> **Aim of the task**: Leave out every picture, and restate word for word only the lines from the one containing "Bracelet montre cuir" through the end of the material.

> **Data excerpt**:
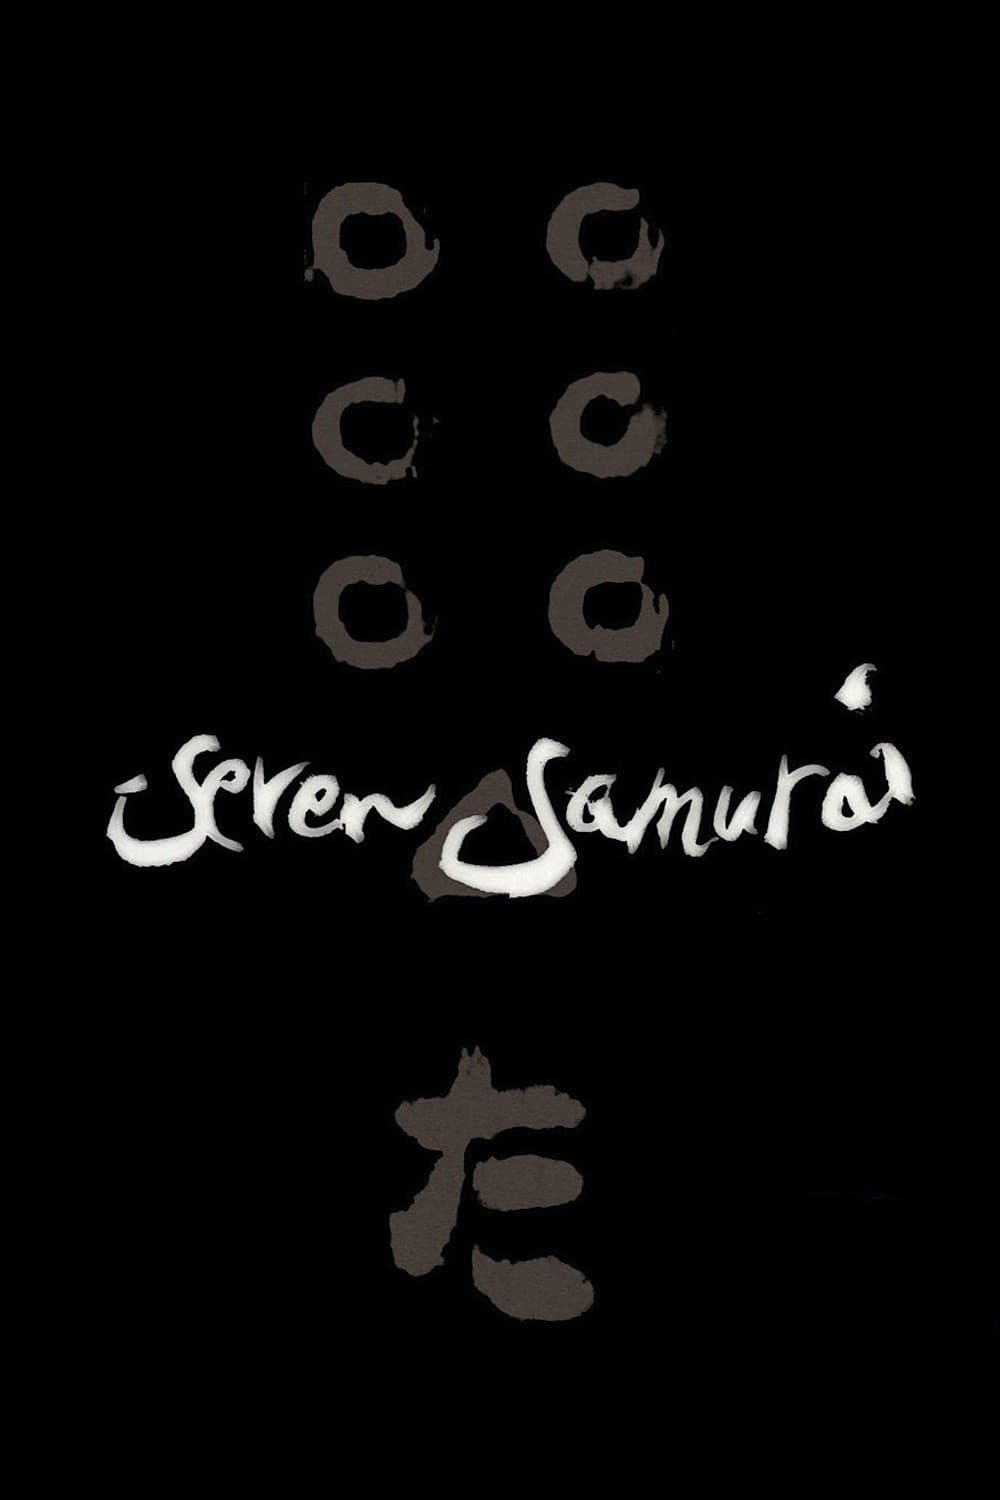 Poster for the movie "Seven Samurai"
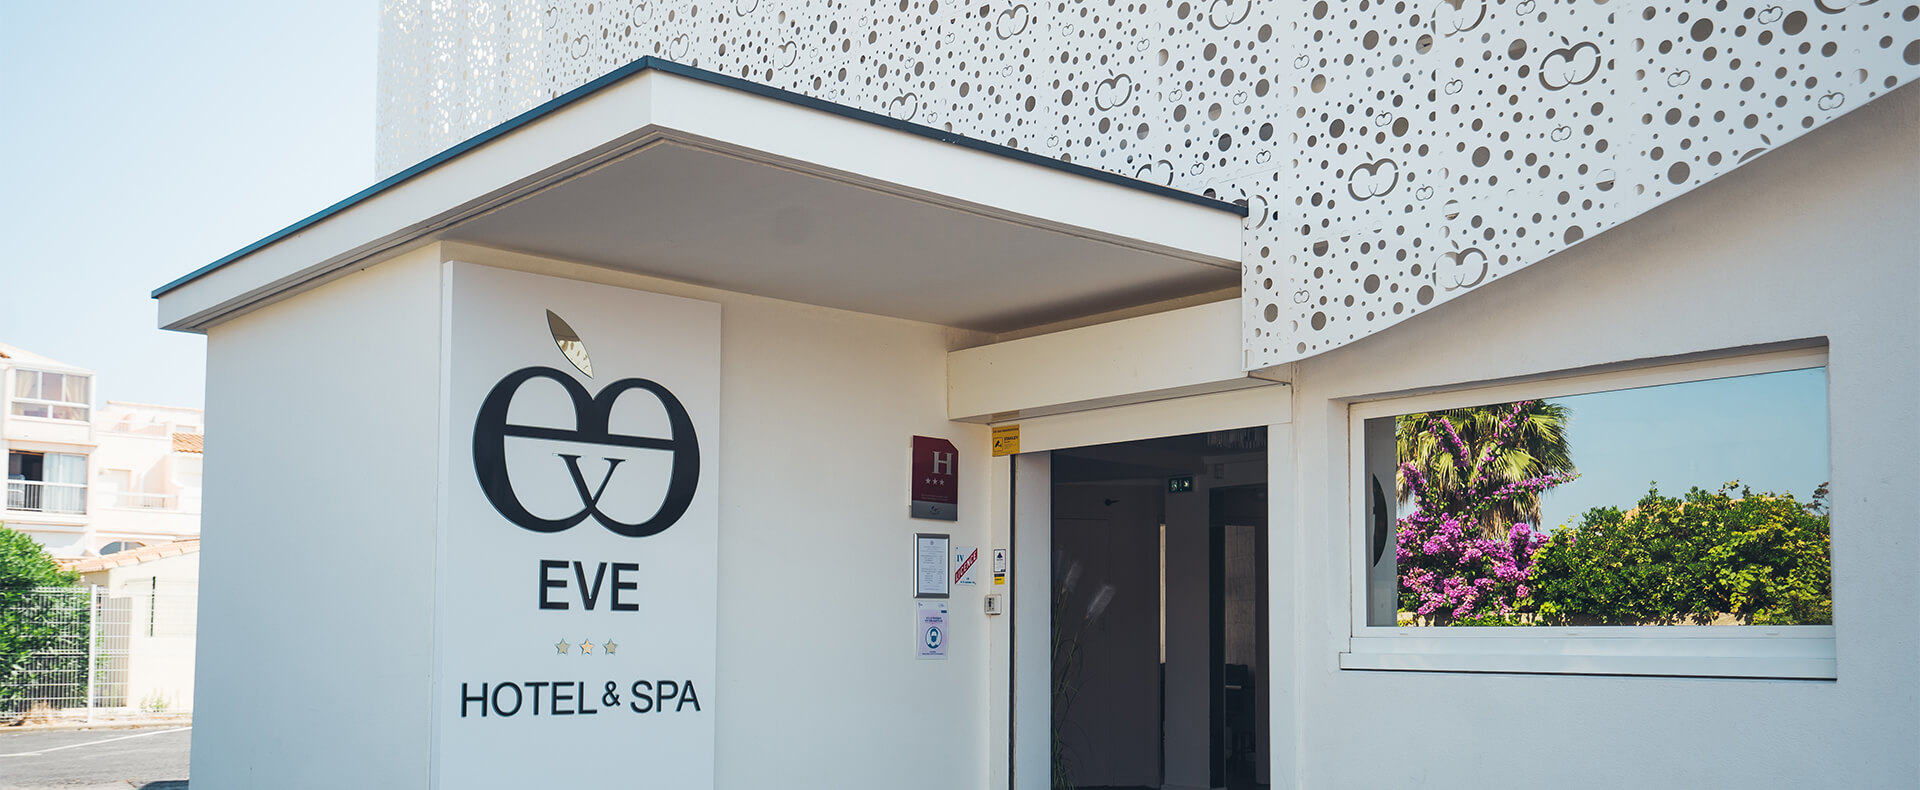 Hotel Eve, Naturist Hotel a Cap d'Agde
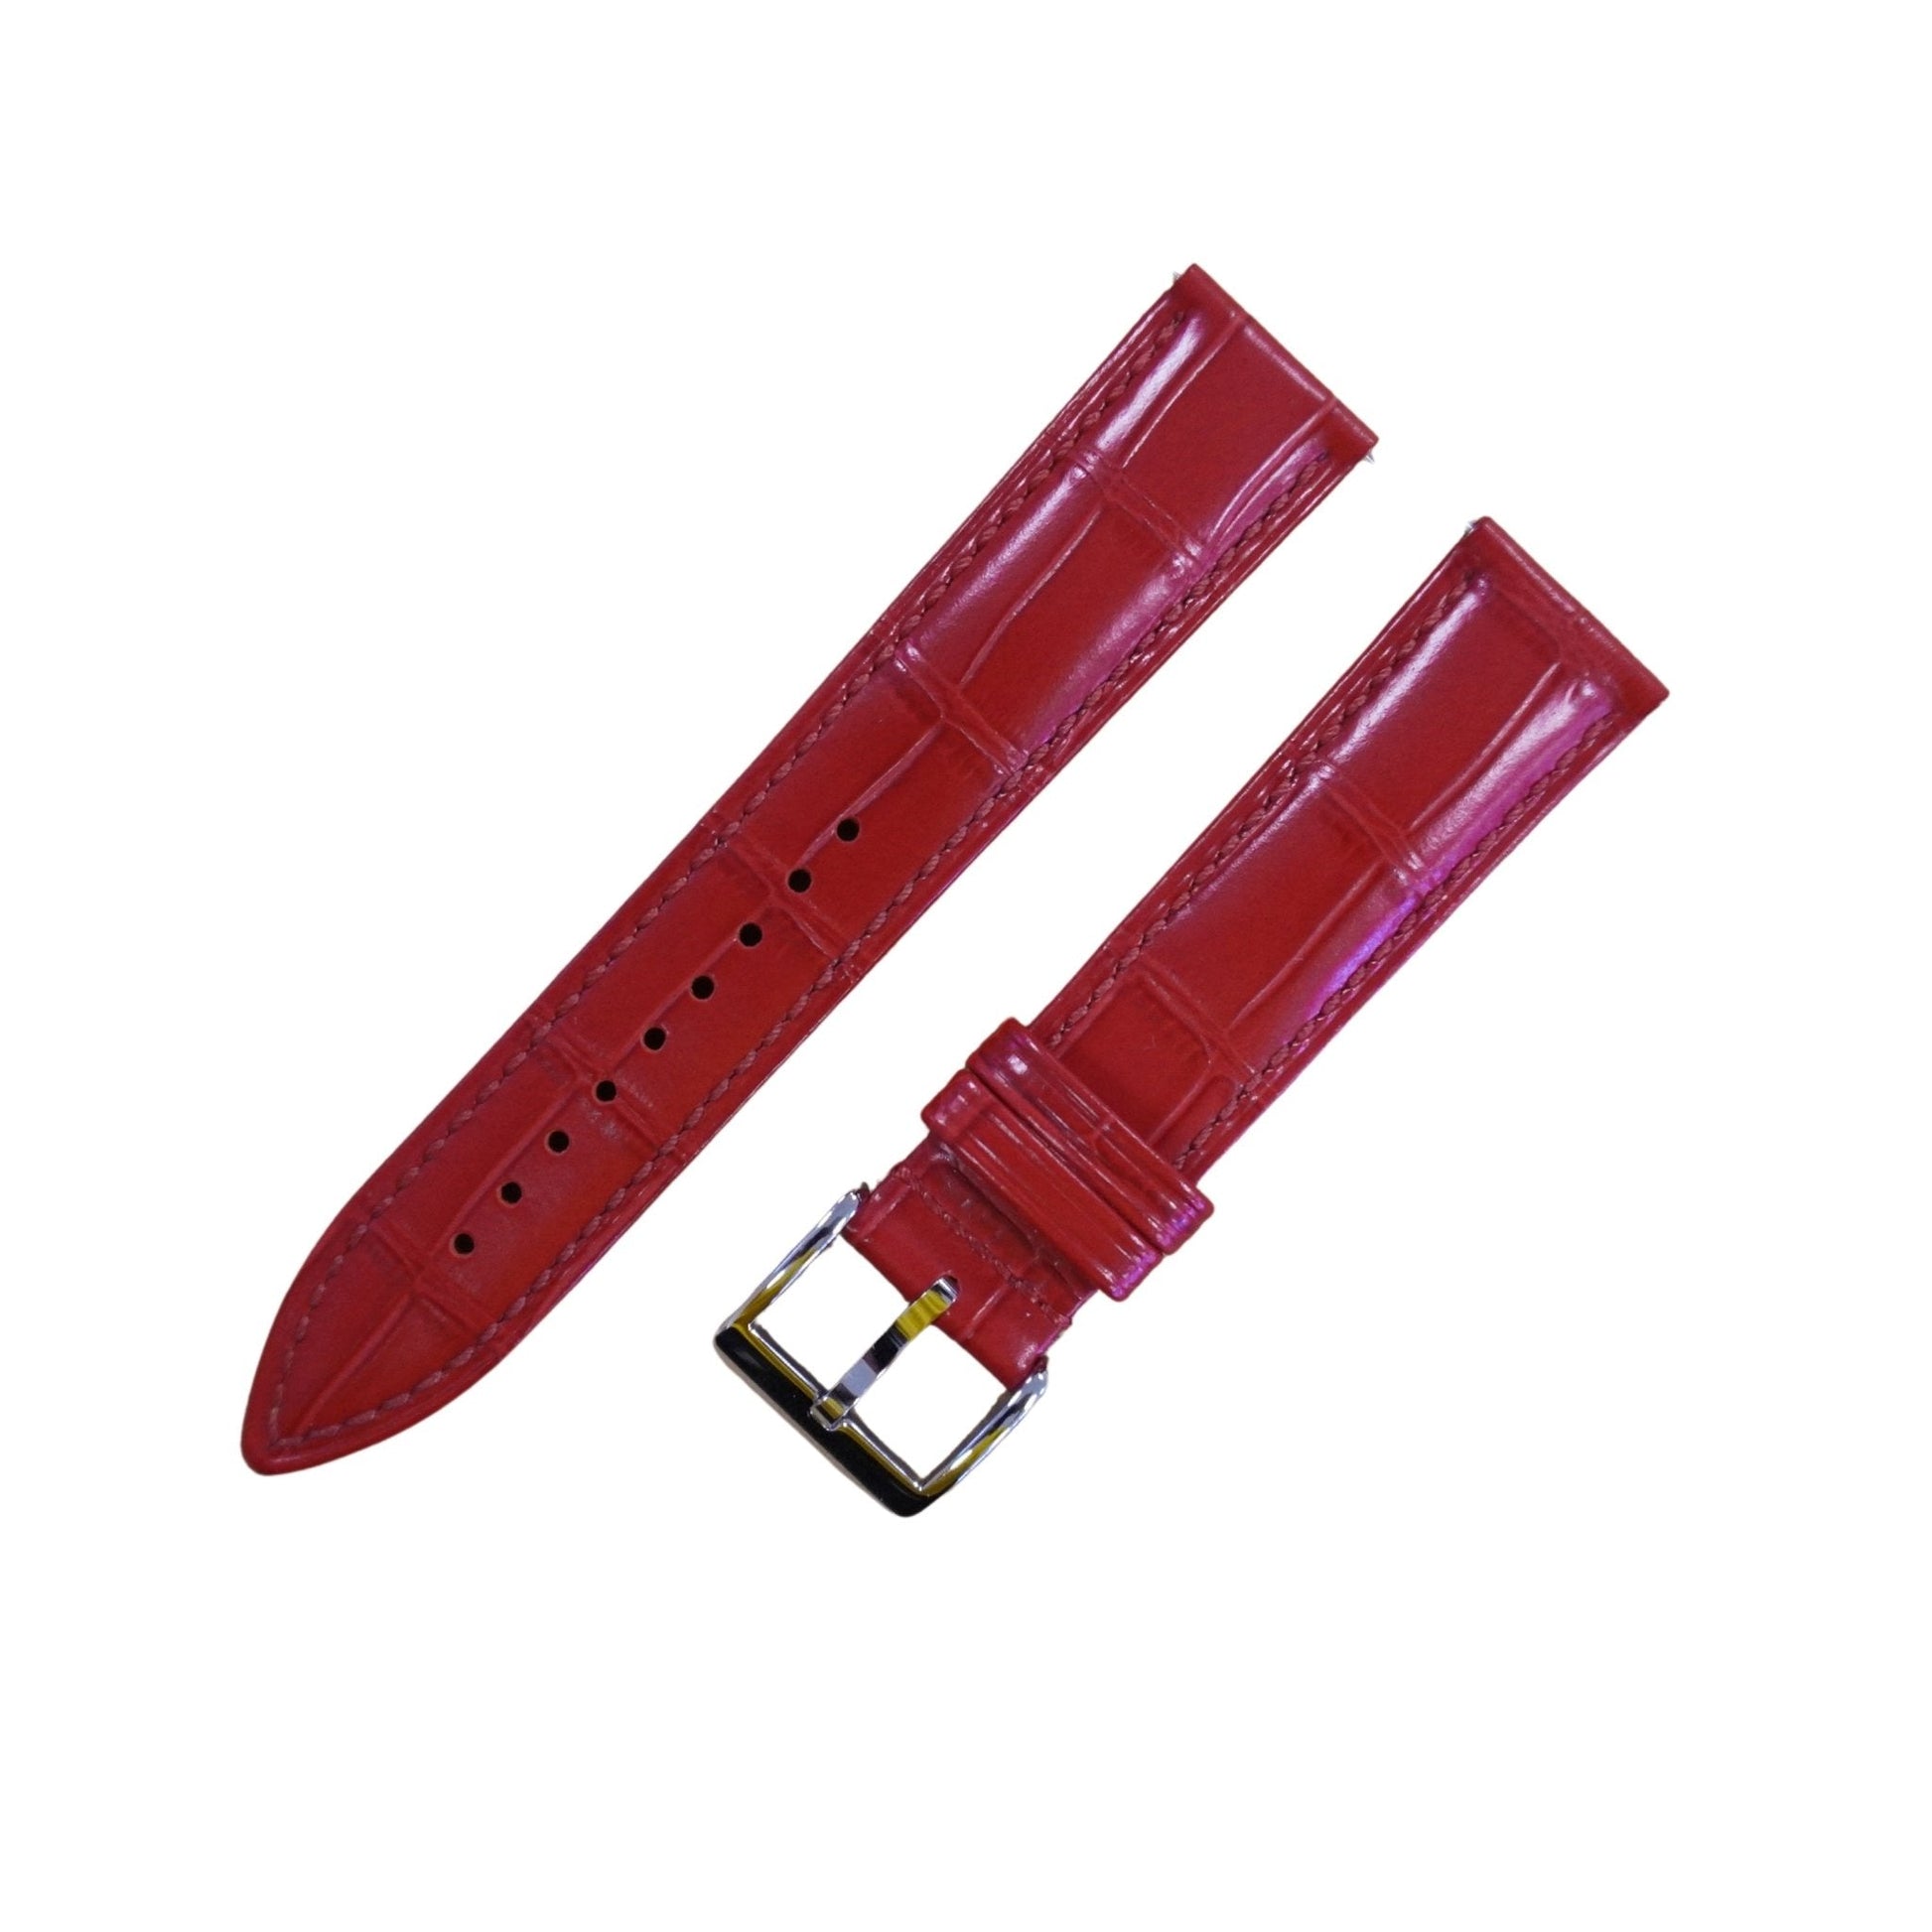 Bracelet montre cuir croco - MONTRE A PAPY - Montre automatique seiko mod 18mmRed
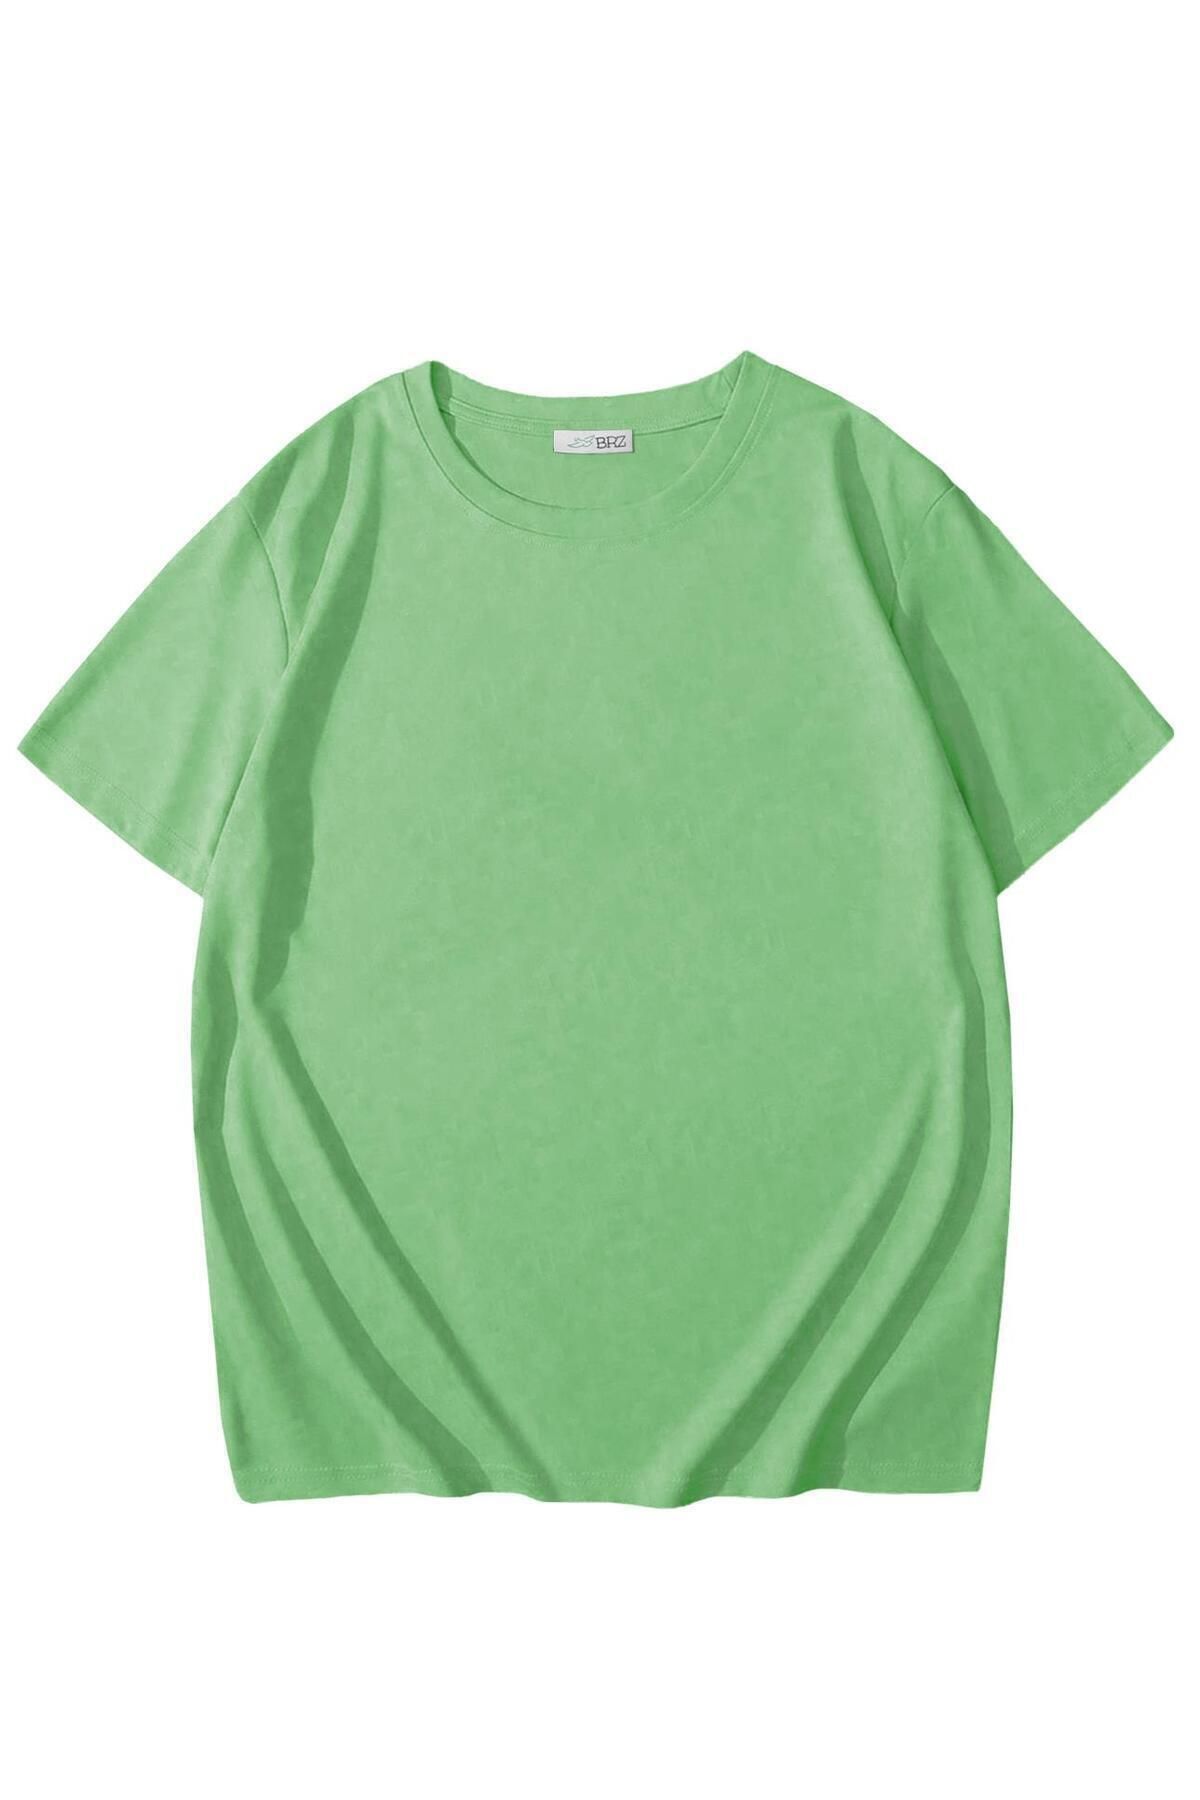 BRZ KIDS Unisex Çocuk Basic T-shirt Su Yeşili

> **Solution to the exercise**:
 Bracelet montre cuir croco - MONTRE A PAPY - Montre automatique seiko mod 18mmRed
 BRZ KIDS Unisex Çocuk Basic T-shirt Su Yeşili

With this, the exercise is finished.